## The task
Write out the lines below once more, exactly as they appear. Do not include pictures.

## Exercise data

####################

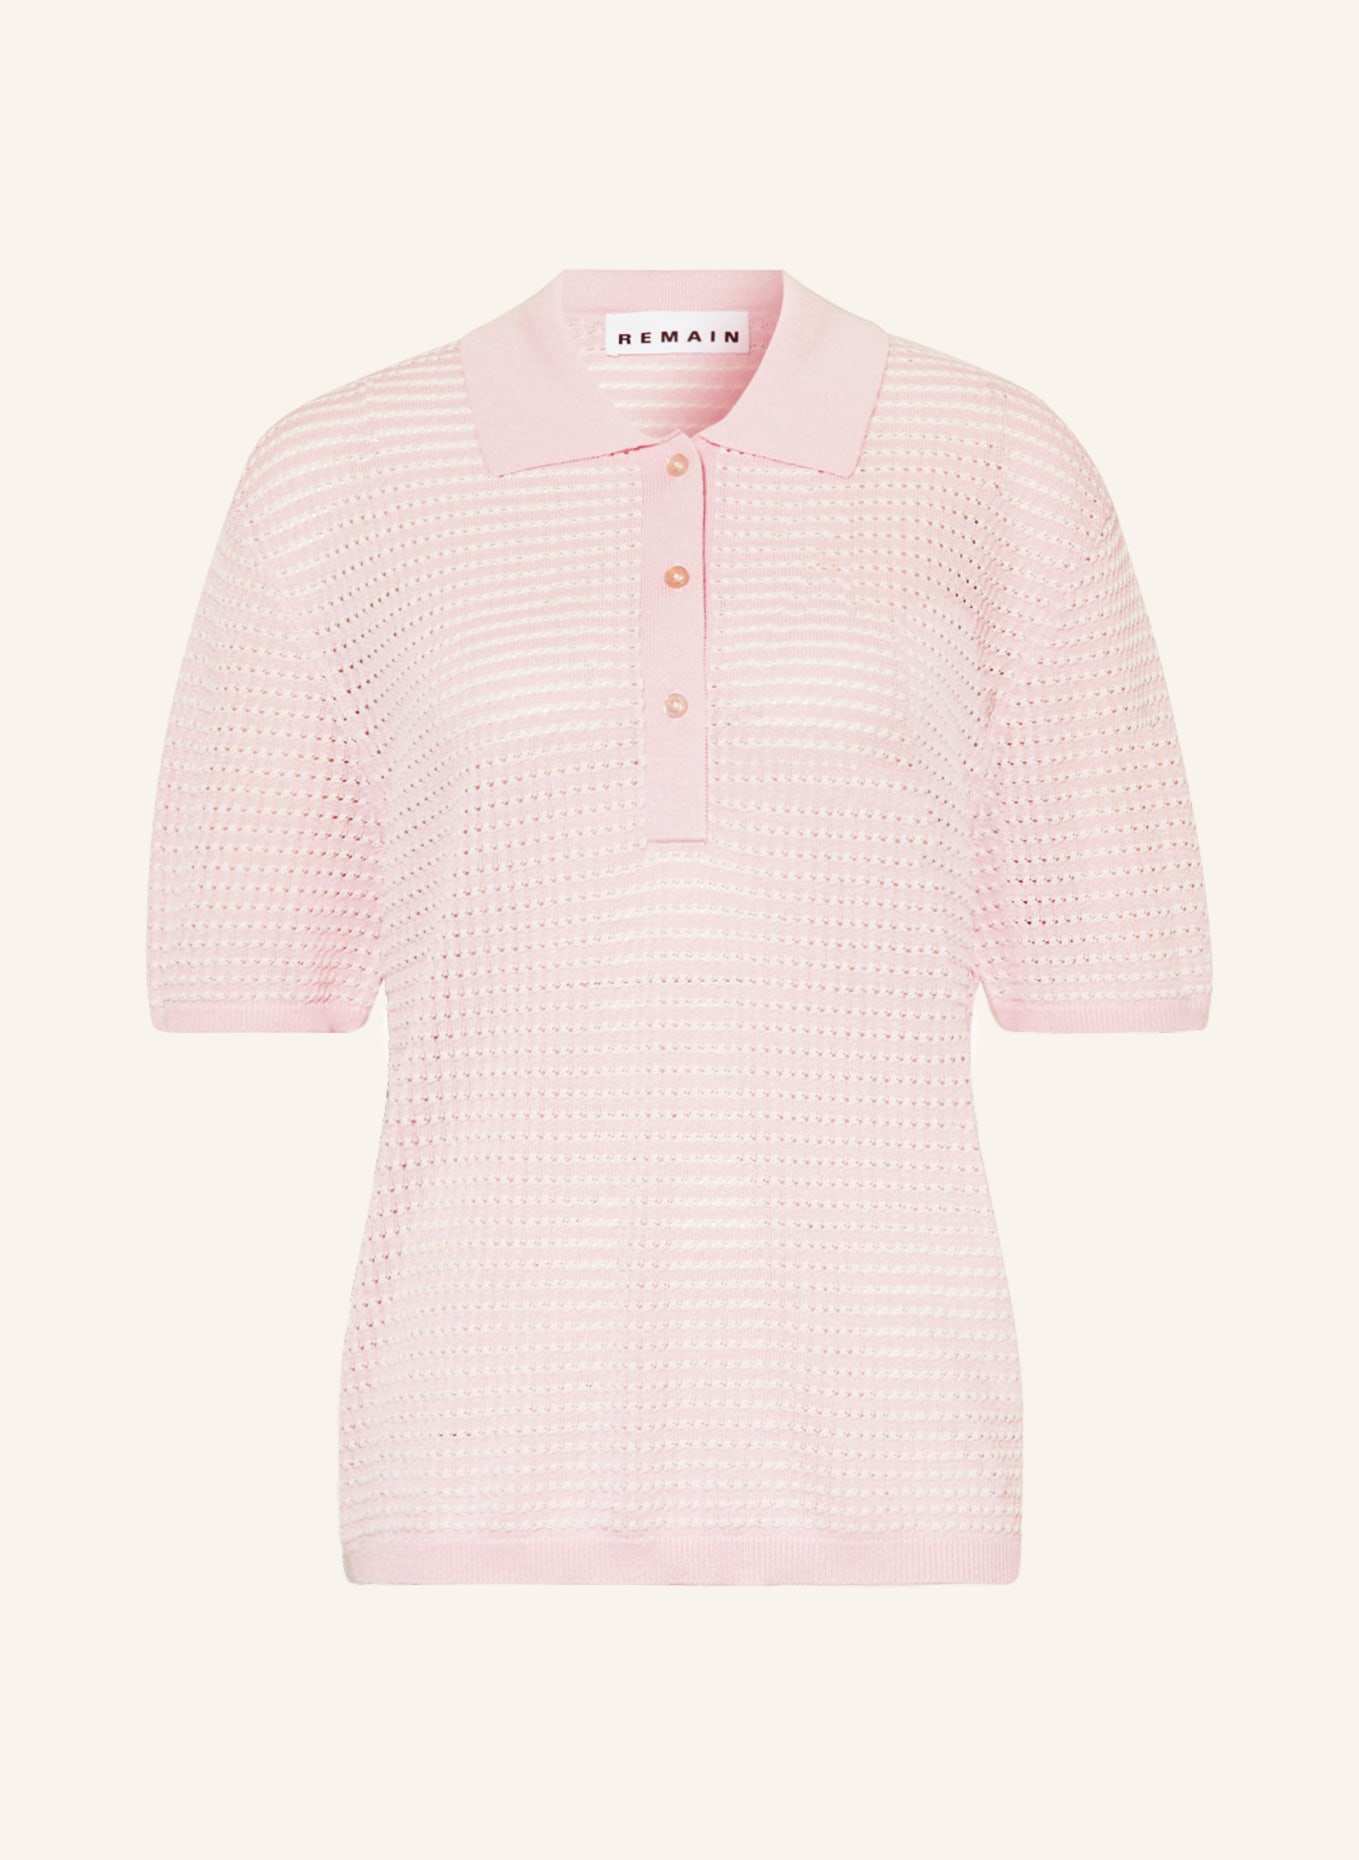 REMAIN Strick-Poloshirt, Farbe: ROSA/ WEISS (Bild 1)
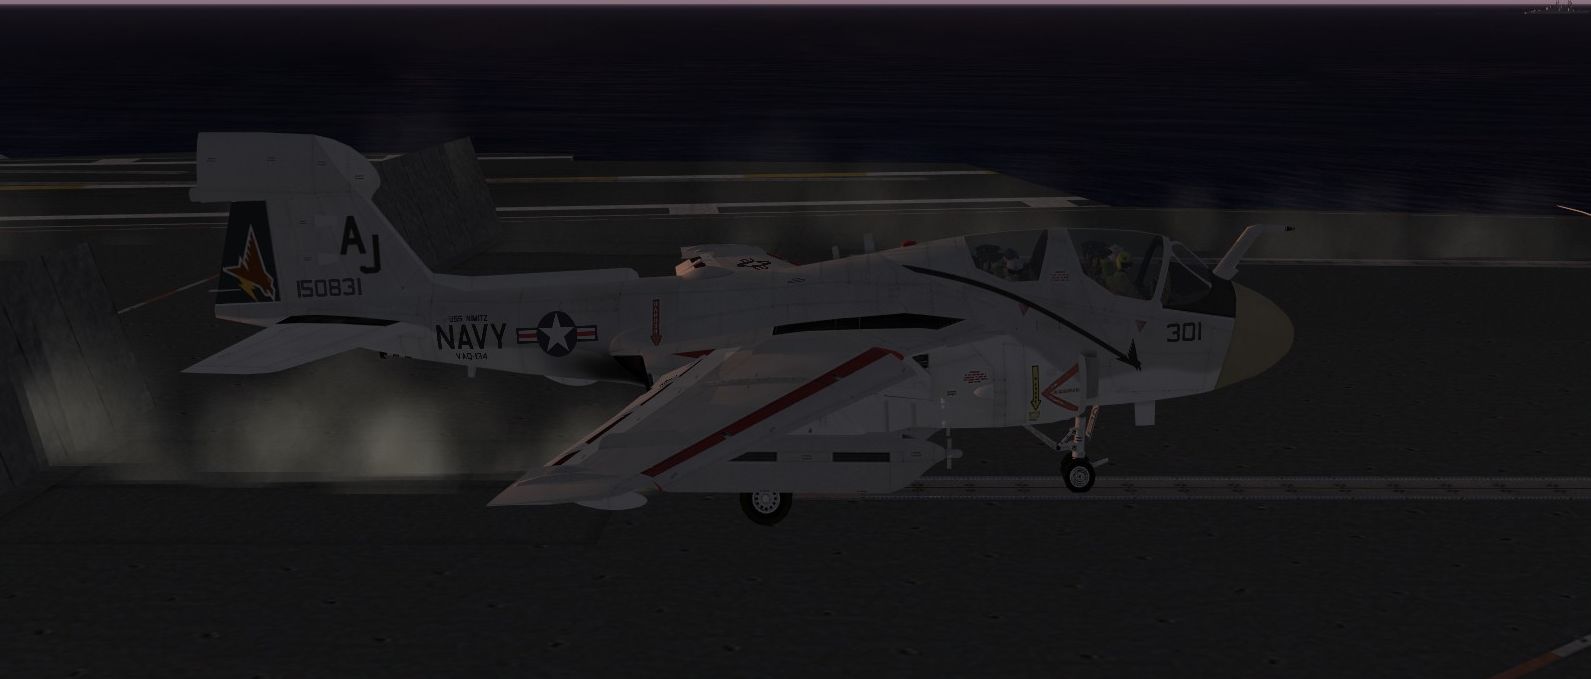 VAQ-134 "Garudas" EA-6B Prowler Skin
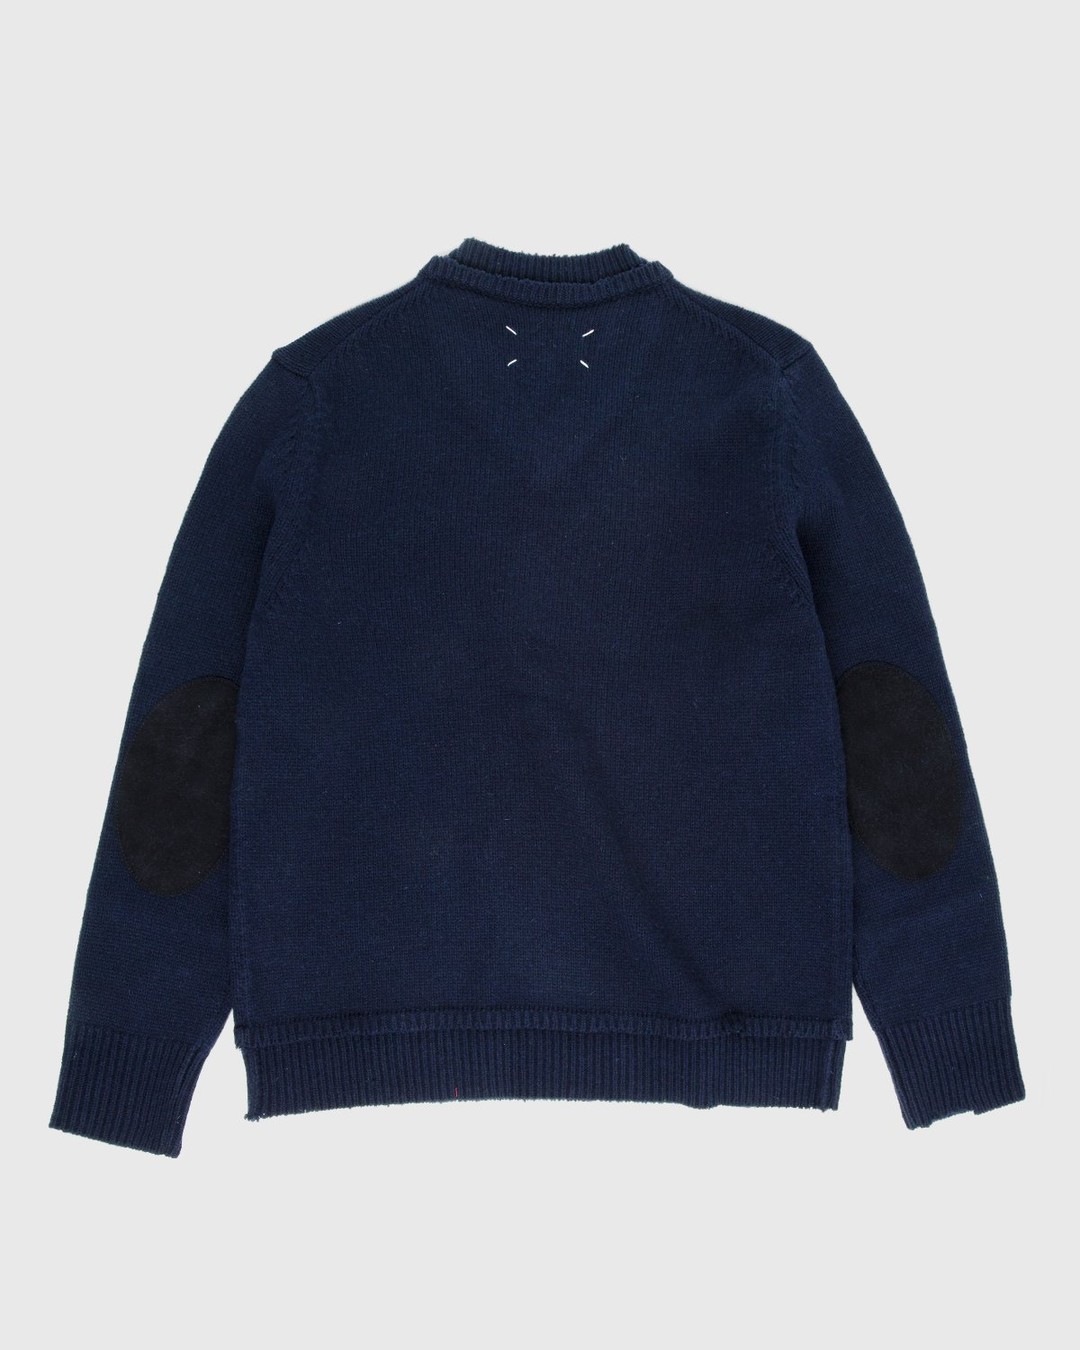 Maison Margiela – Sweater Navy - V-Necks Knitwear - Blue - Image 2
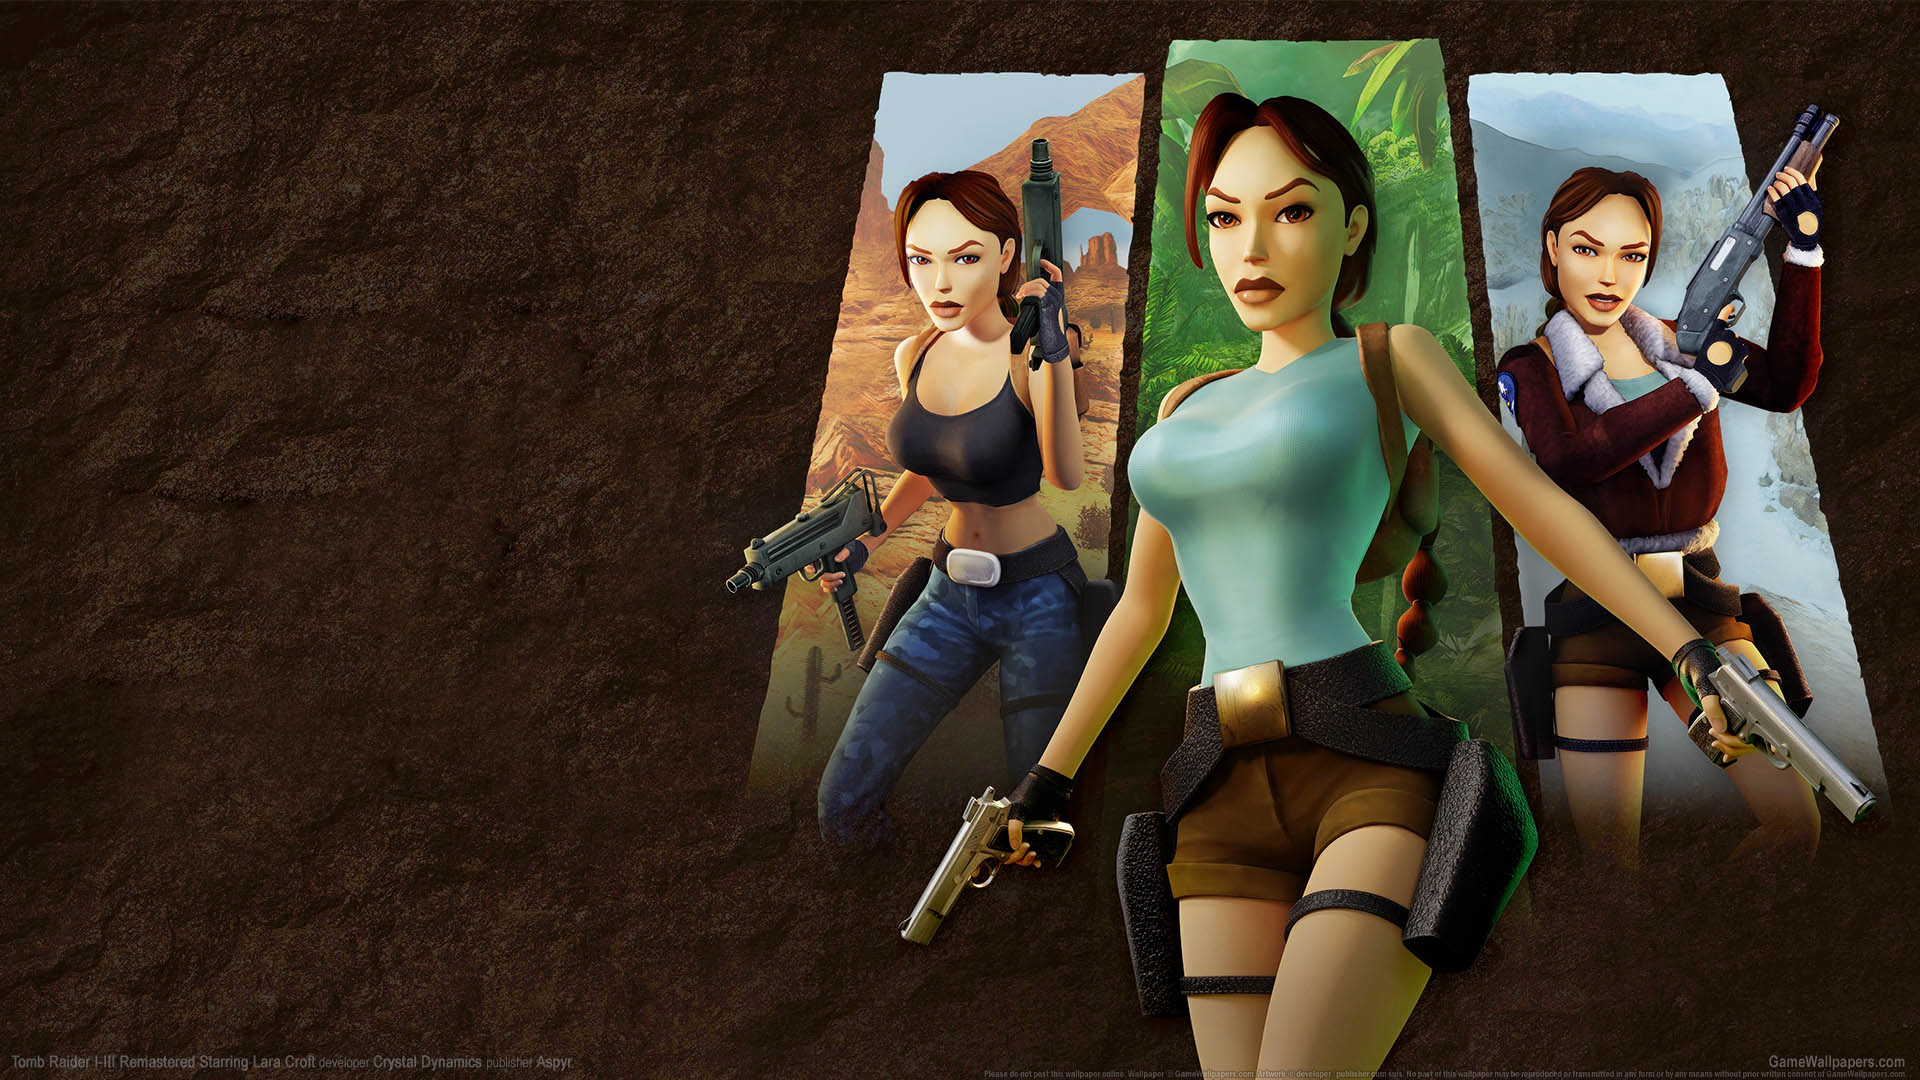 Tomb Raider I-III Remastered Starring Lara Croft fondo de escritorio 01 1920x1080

####################

## Completed task
 REMAIN Strick-Poloshirt, Farbe: ROSA/ WEISS (Bild 1)
 VAQ-134 "Garudas" EA-6B Prowler Skin
 Maison Margiela – Sweater Navy - V-Necks Knitwear - Blue - Image 2
 Tomb Raider I-III Remastered Starring Lara Croft fondo de escritorio 01 1920x1080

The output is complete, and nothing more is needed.